In the case of Kulp v. Railey a candidate had not been nominated nor his name placed on the ballot as required by the Terrell election law, and his election was contested on that ground, and the Supreme Court held: "But, while this course of procedure in making nominations is plainly prescribed, there is nowhere in the statute a provision that votes shall be void or shall not be counted because of a departure from the rules laid down in the making of nominations. On the contrary, the general scheme of the act is against such an idea. All questions of that sort are determined for the voter, before the election, by the official ballots. By minute directions and commands addressed to the officers, the law seeks to secure the formation of a ballot which shall show to the voter that the preliminaries have been arranged. Most of these commands can be enforced otherwise than by defeating votes after they have been cast, and many have attached to them the sanction of severe penalties for their violation. In some instances it is expressly provided that votes shall not be counted if certain rules are not observed; but, as we have said, there is nothing to indicate a purpose that questions arising out of the making and certifying nominations shall affect the validity of an official ballot after it has been voted. The voter has nothing to do with the making up of the ballot, but is required to use it, in order to exercise his right to vote. He can only vote for those whose names are printed on it or strike them out and insert others. The ballot comes to him from the officers of the law, regular on its face and authenticated, both by the printing on it and by the signature of the judge of election, as the ballot he is required to use. If it is in the power of the Legislature to thus impose on voters in exercising their constitutional right, the necessity of voting tickets prepared for them in advance, and yet to defeat their choice, not for act or omission of their own, but because of an antecedent dereliction of the officers appointed by law to prepare the ballots, certainly no purpose to do so can be imputed to the Legislature without the clearest expression."

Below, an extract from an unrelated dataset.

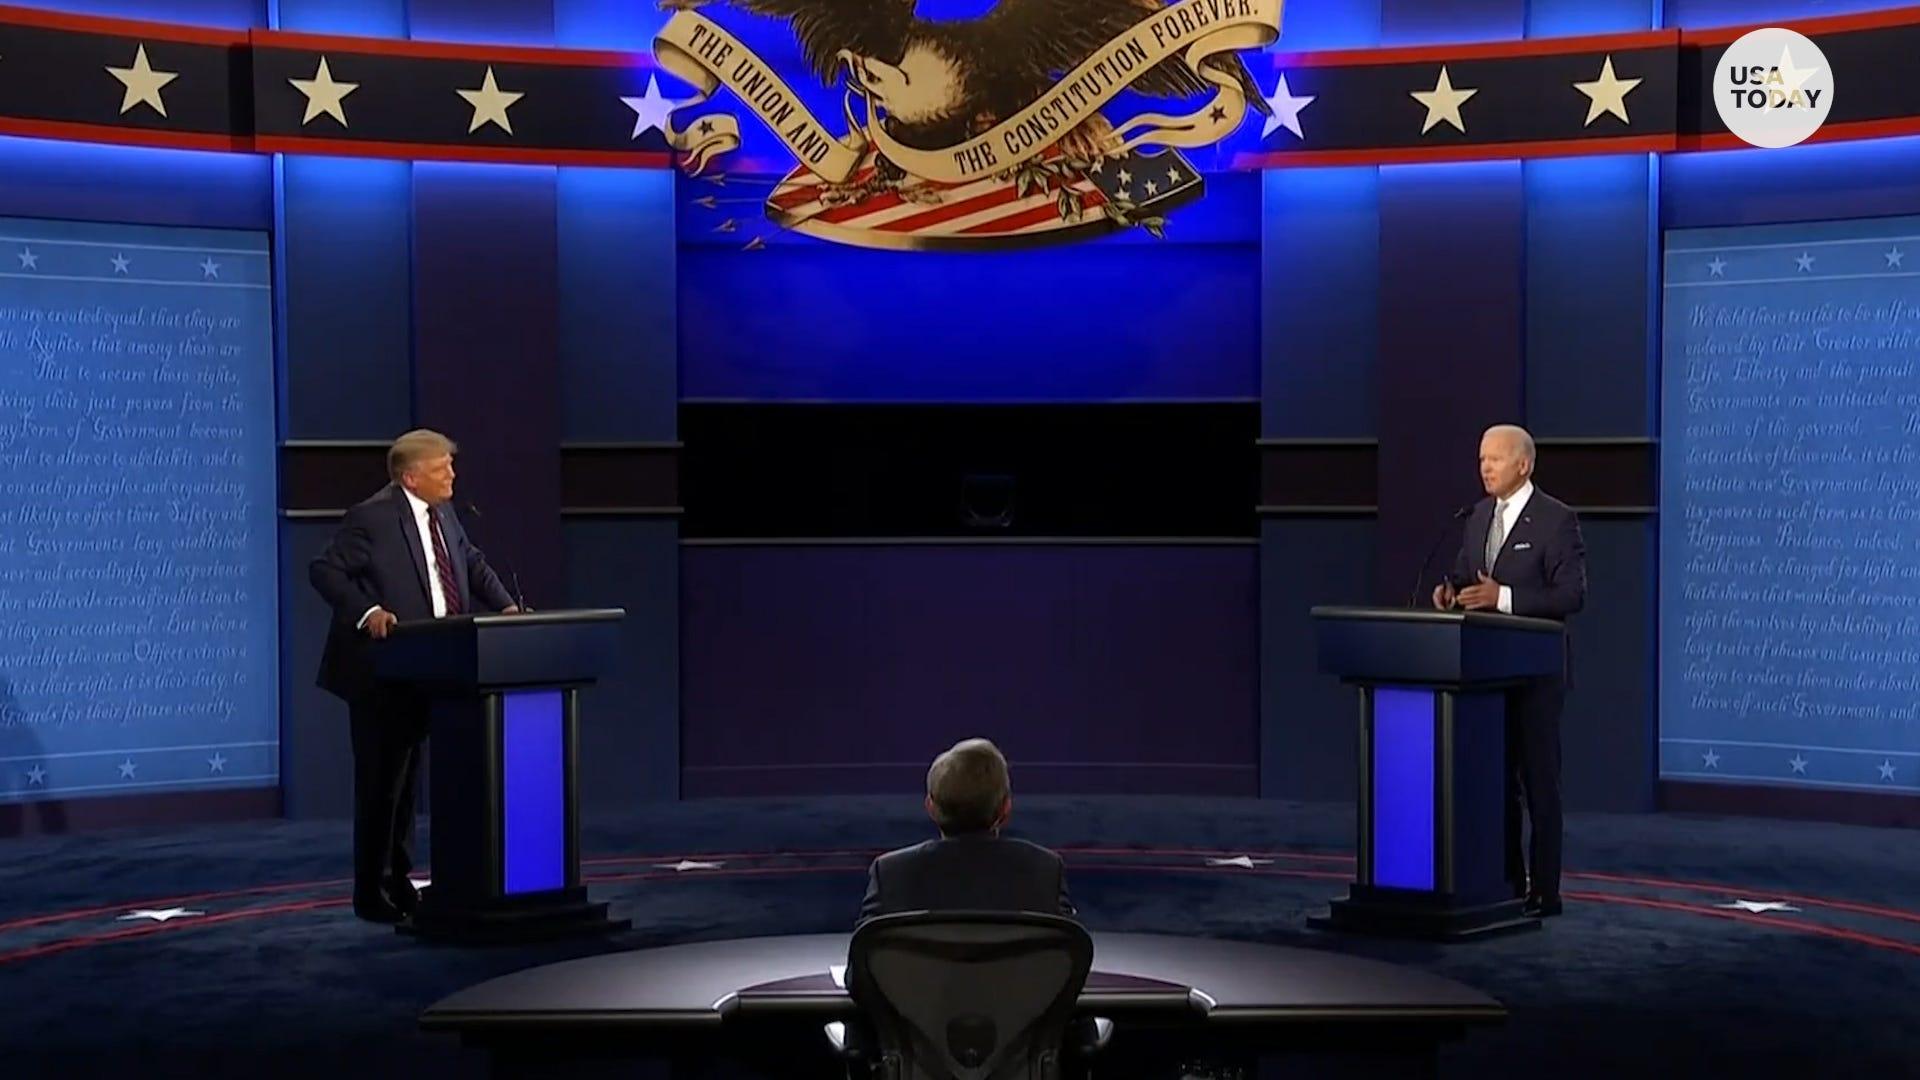 Pres. Trump and former Vice Pres. Biden spar over white supremacy, ANTIFA at first debate

In the case of Gallagher v. Church, this court held that a failure to mark the word "voted" on the ballots did not render them illegal, and the New York case cited fully supports the Texas decisions cited, and the rule announced in them would dispose of every act of misconduct alleged against the officers of election in the rejected section, No. 6, except those in regard to a failure of the presiding judges to place their signatures upon the ballots in certain precincts and number them.

The law requires the presiding judges to perform those duties, and it is provided in section 78 of election law of 1905, page 538, Acts of the 29th Legislature, that the counting judges and clerks "shall count no ballots that do not bear his signature, or are unnumbered," but in no part of the original petition or the trial amendment is there an allegation that such ballots were counted. Without that allegation the trial amendment charged nothing that would attack the validity of the count of the ballots in the election precincts referred to in the amendment. The presumption would prevail that the counting judges and clerks complied with the terms of the law and did not count the ballots that were unnumbered and upon which the signature of the presiding judge had not been written.

Section 53 of the election law of 1905 requires that "all ballots shall be printed with black ink on clear white paper of sufficient thickness to prevent the marks thereon to be seen through the paper and of uniform style," but it is not declared that a failure to so print the tickets shall render them invalid, and, under the authorities herein cited and quoted from, the votes would not be cast out for a failure to comply with the law in that respect.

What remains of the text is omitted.